Monday, November 14, 2011

Komputer Kvetching

Windows 7 took many pages out of the Mac OS handbook, most of which are for the better. A notable exception is the whole "downloads" idea. When I find some file on the web that I want a copy of, I used to enjoy clicking on its link and having a dialog box ask me where on my computer I want it saved. This way the PC is structured like a big filing cabinet, the C drive, with lots of smaller and smaller file folders that aren't conceptually different except that they are stored in other folders that are stored in other folders that are stored in . . . that are stored in C. Now, however, when I click on a file online it is automatically stored in the downloads folder, which is who-knows-where. I can access the folder from the desktop, but now I have this extra folder whose location within my overall filing cabinet is unclear. Worse, Microsoft also took Mac's terrible idea of making a list of downloads which is clearable but which is independent of the actual downloads folder. I just clarified for myself that the downloaded files are not deleted when the list is cleared. What is not certain is whether I have copied the files I have downloaded to folders that are filed the way I like them, and thus whether I can delete them off the dumb nebulous downloads folder. Arrgh.

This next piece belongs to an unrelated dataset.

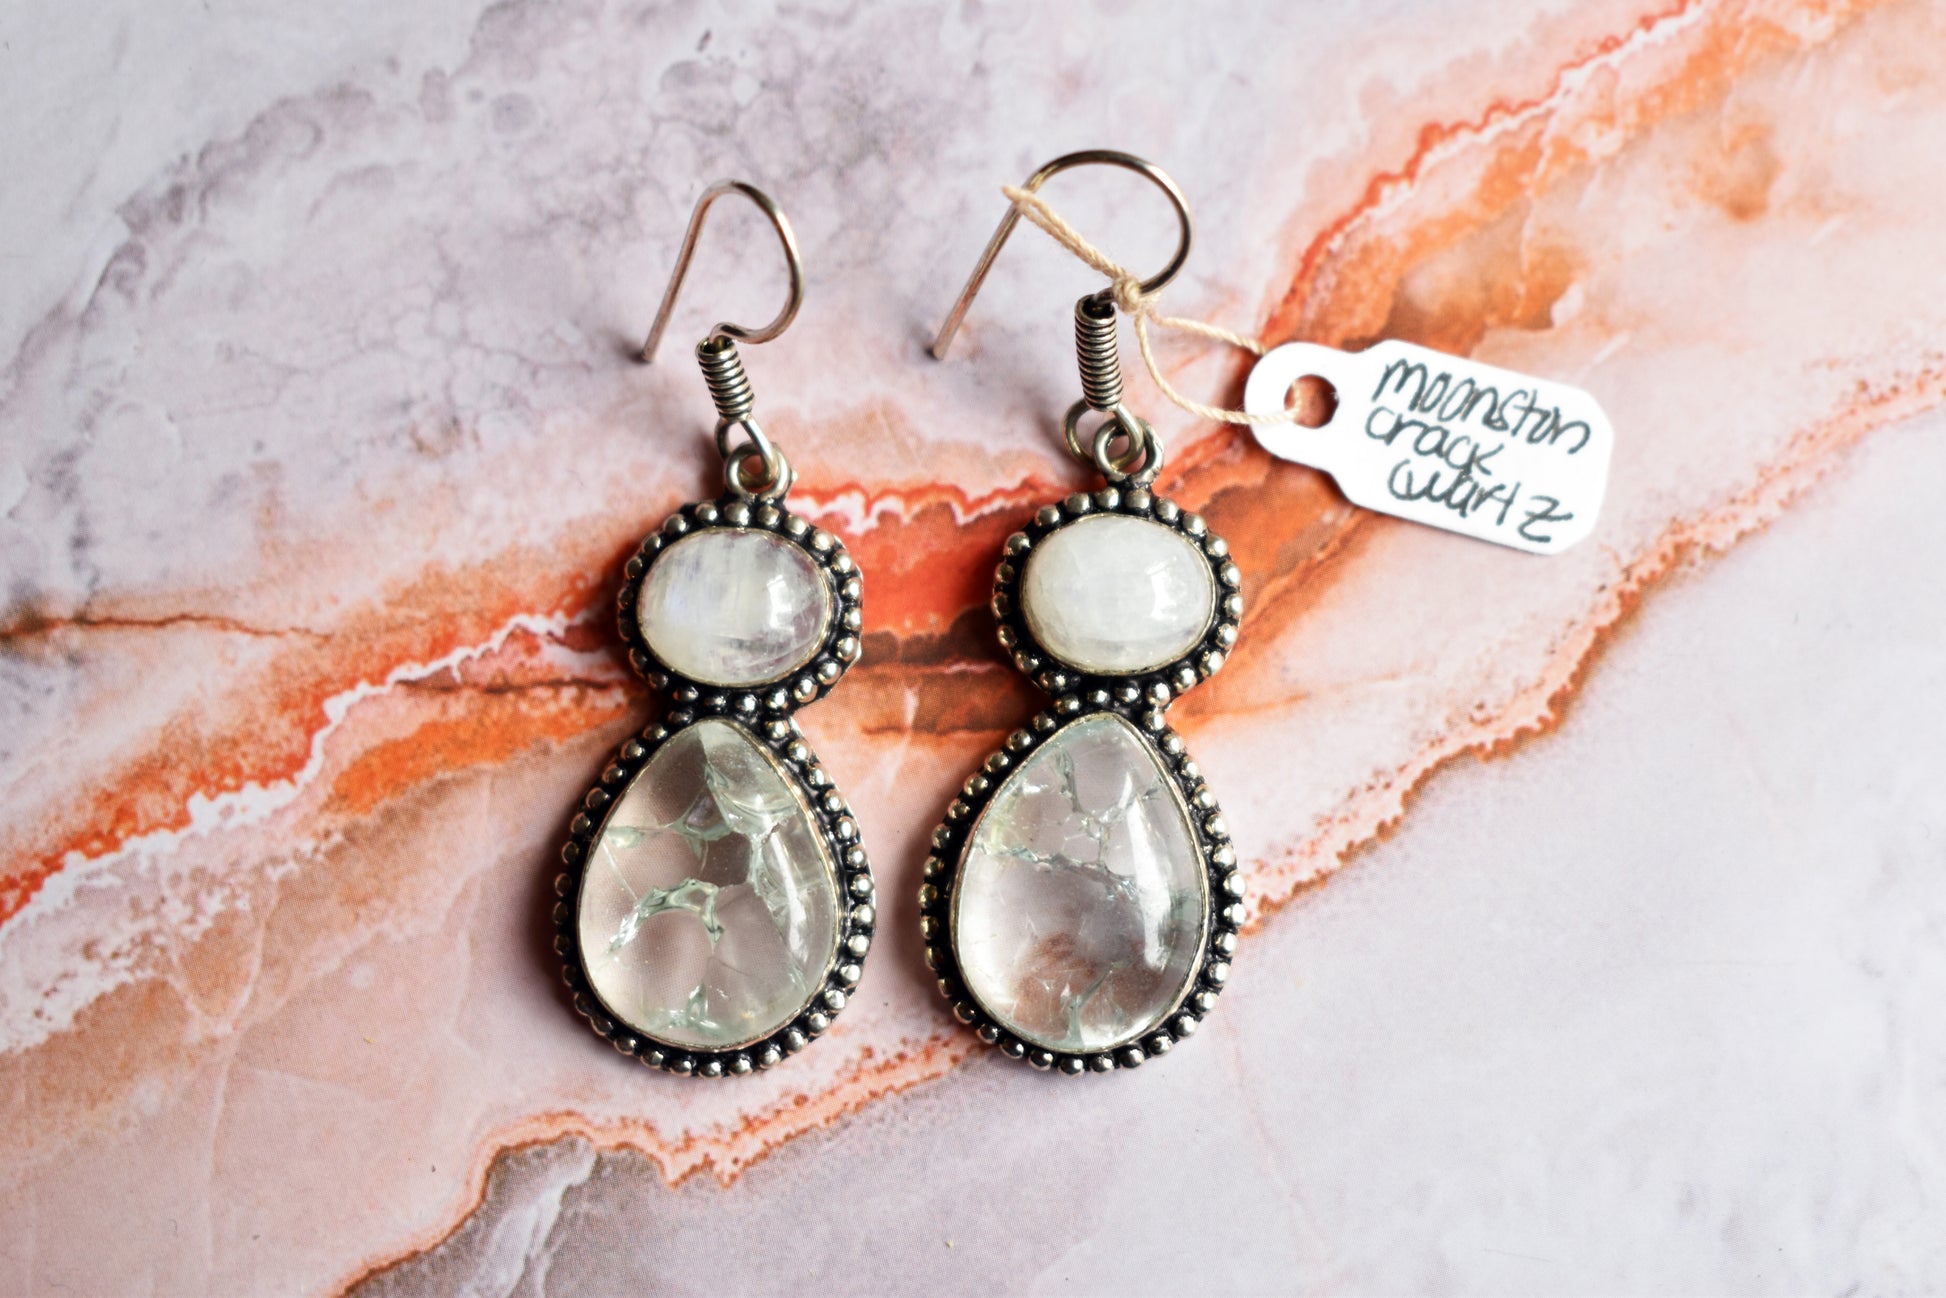 stones-of-transformation - Moonstone with Cracked Quartz Earrings - Stones of Transformation -

Saturday, November 12, 2011

Today's Square Community As Proletariat Of The Future

Via Interfluidity, on aversion to our current negative real interest rates:

Current spenders assume risks of future deprivation that current savers are unwilling to accept. Why shouldn’t spenders be paid to bear that burden? Transforming present resources into future wealth is uncertain and difficult work. Savers’ expectation of a positive real interest rate amounts to a demand for time travel cheaper-than-free. Why should such unreason be accommodated? The sense of entitlement carried by savers in our society would put any welfare queen to shame.